Браун позвал к себе Винслоу, Кроуфорда, Пилброу, Калверта и меня. Мне этот вечер — как и многие другие в то лето — показался пыткой. Тихая майская погода как-то особенно заметно подчеркивала гармоничную красоту нашего колледжа; Браун угощал нас удивительно хорошим вином; но мрачность Роя тревожила меня сверх всякой меры: я со страхом ждал от него какой-нибудь неистовой вспышки. Я просто не мог думать в тот вечер ни о чем другом.

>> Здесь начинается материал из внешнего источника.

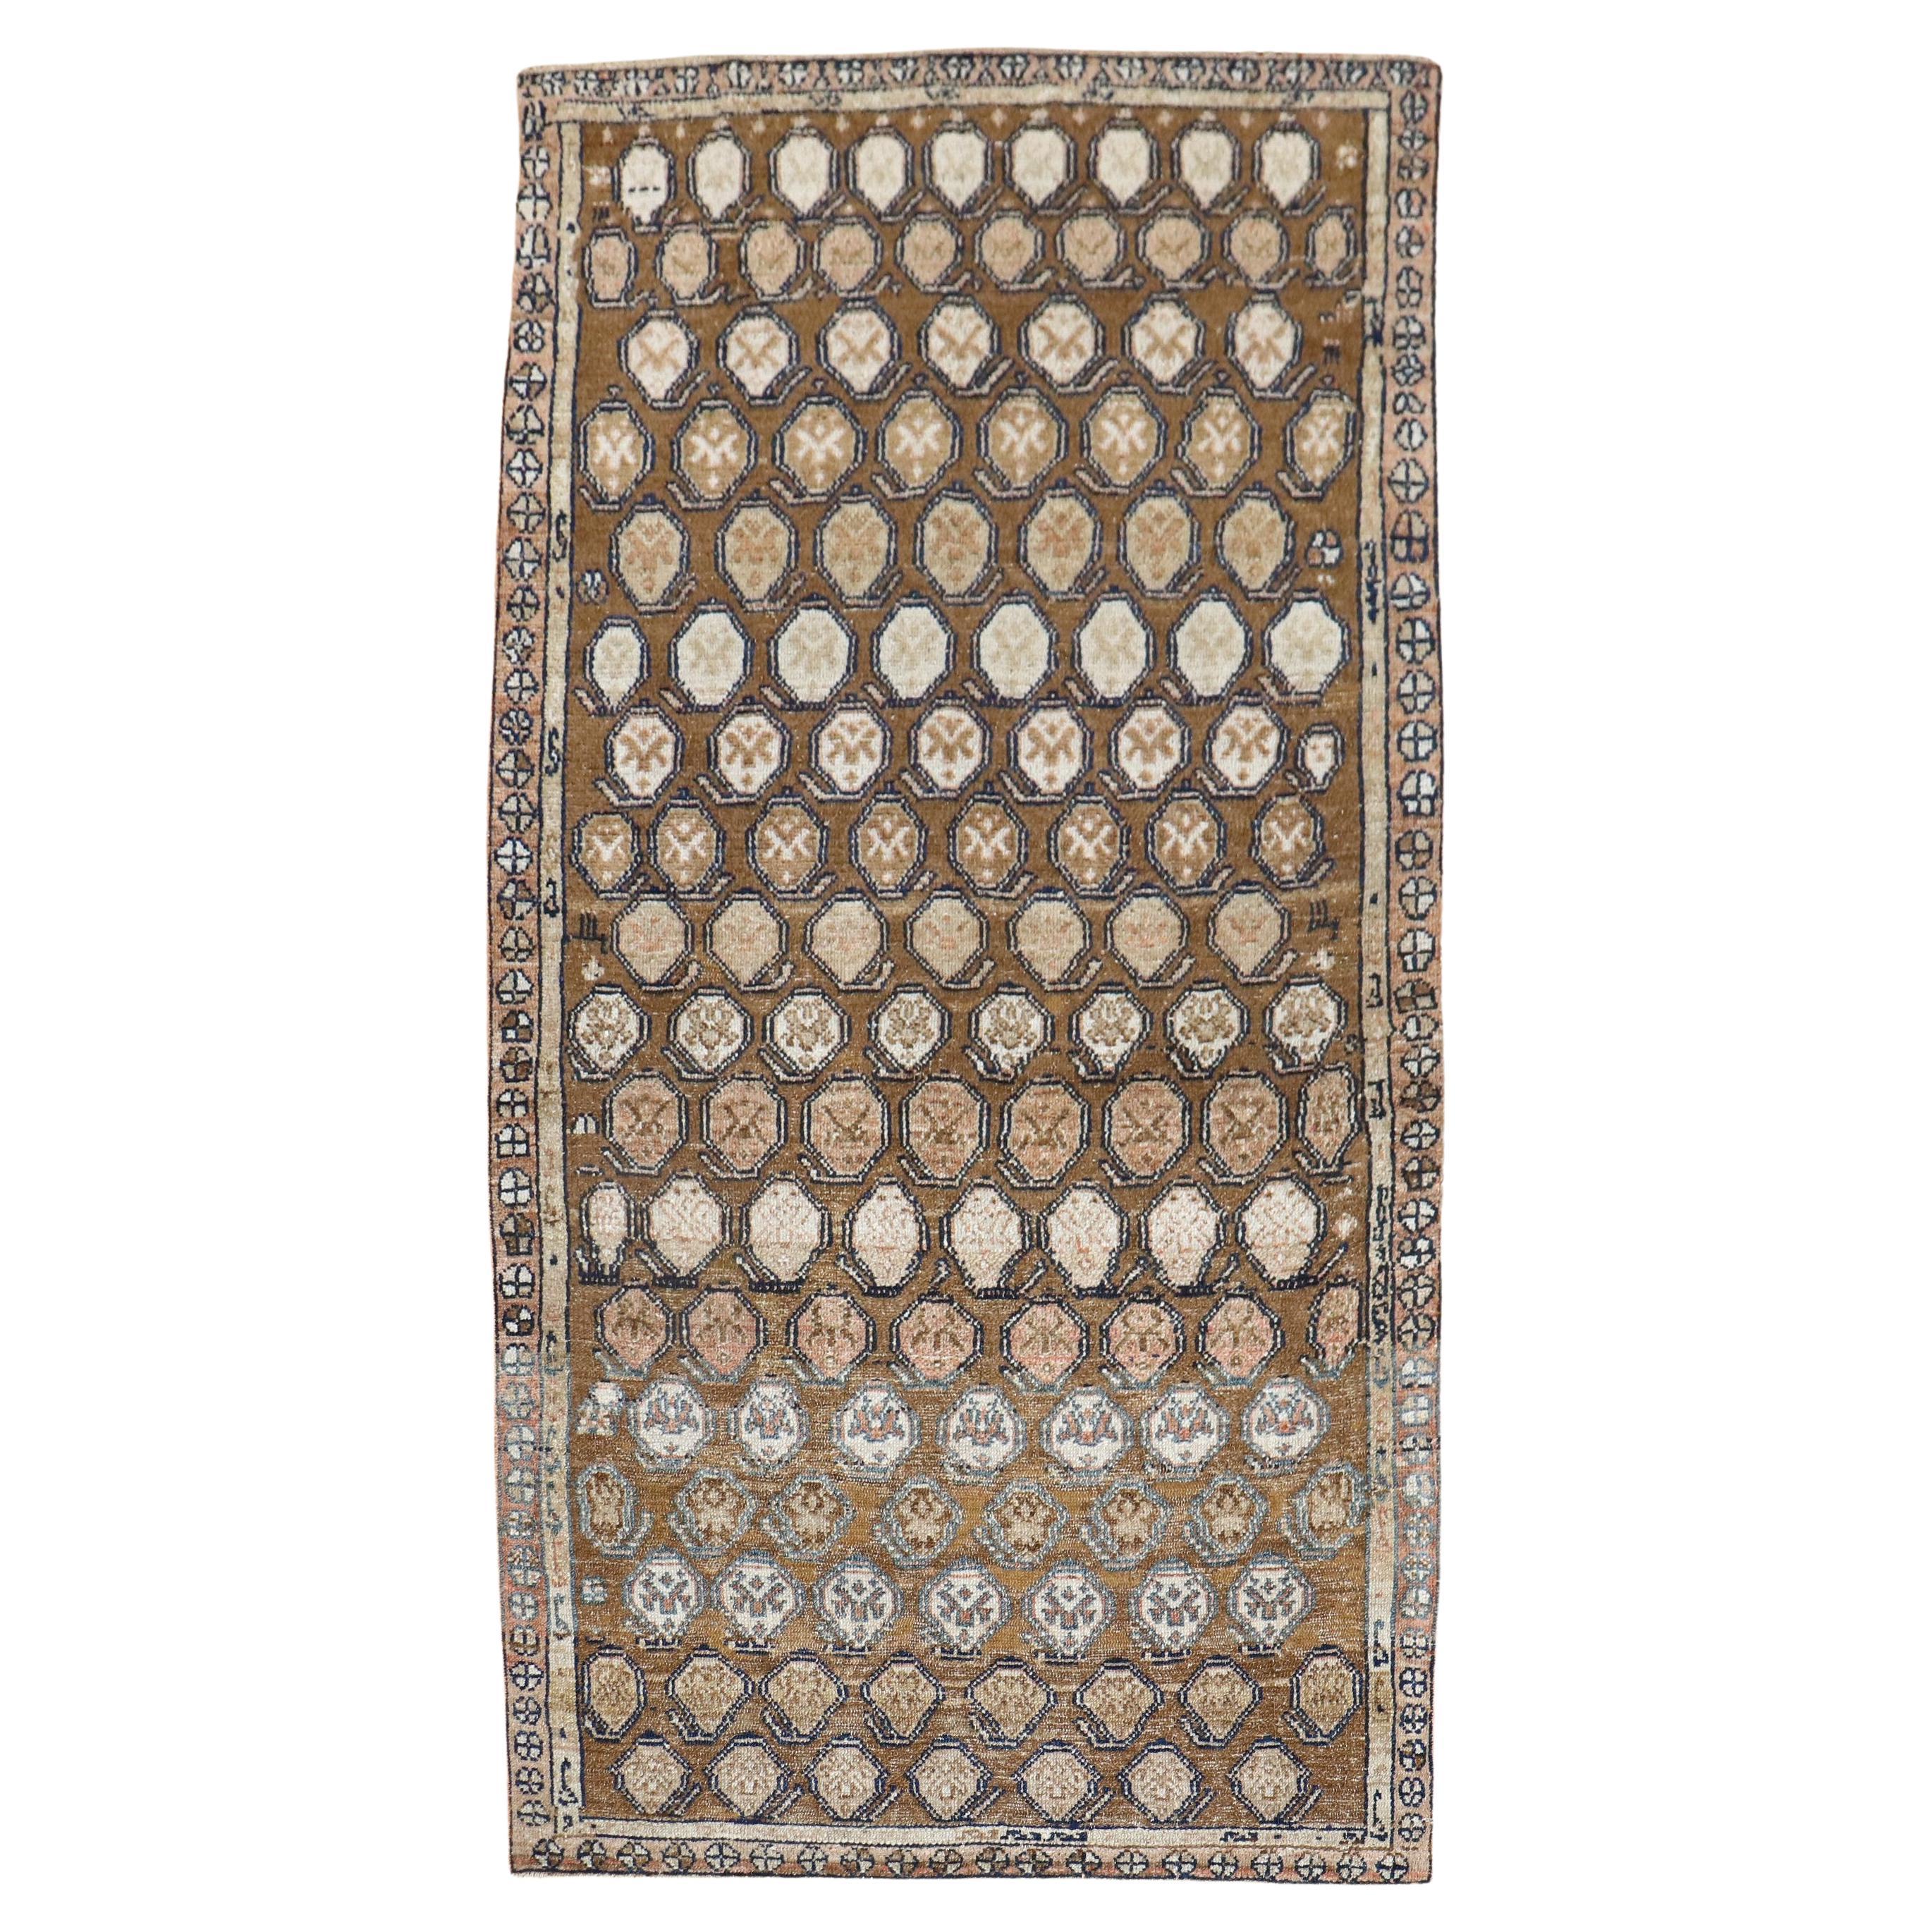 Antiker persischer brauner Schachtelteppich aus der Zabihi-Kollektion

Дважды мне удалось дать ему знак, что надо сдерживаться. Его уже терзала депрессия, но он еще владел своими чувствами, однако несчастья других всегда травмировали его, а среди приглашенных был Винслоу, который беспокоился за сына: он сдавал в тот вечер экзамен. В ответ на вопрос Брауна об его успехах Винслоу резко сказал:
— Какие уж там успехи у полуграмотных! Хорошо, если этот несчастный юнец сможет прочитать экзаменационное задание.
Рой уловил в его тоне грустное уныние и помрачнел еще больше. Но тут, к счастью, Браун опять предложил нам выпить. Было уже десять часов, однако солнце только что село, и островерхую крышу перед брауновским окном золотили лучи вечерней зари. В одном из соседних колледжей на ежегодном майском балу играл оркестр; легкий ветерок доносил до нас приглушенную музыку и запах цветущей акации.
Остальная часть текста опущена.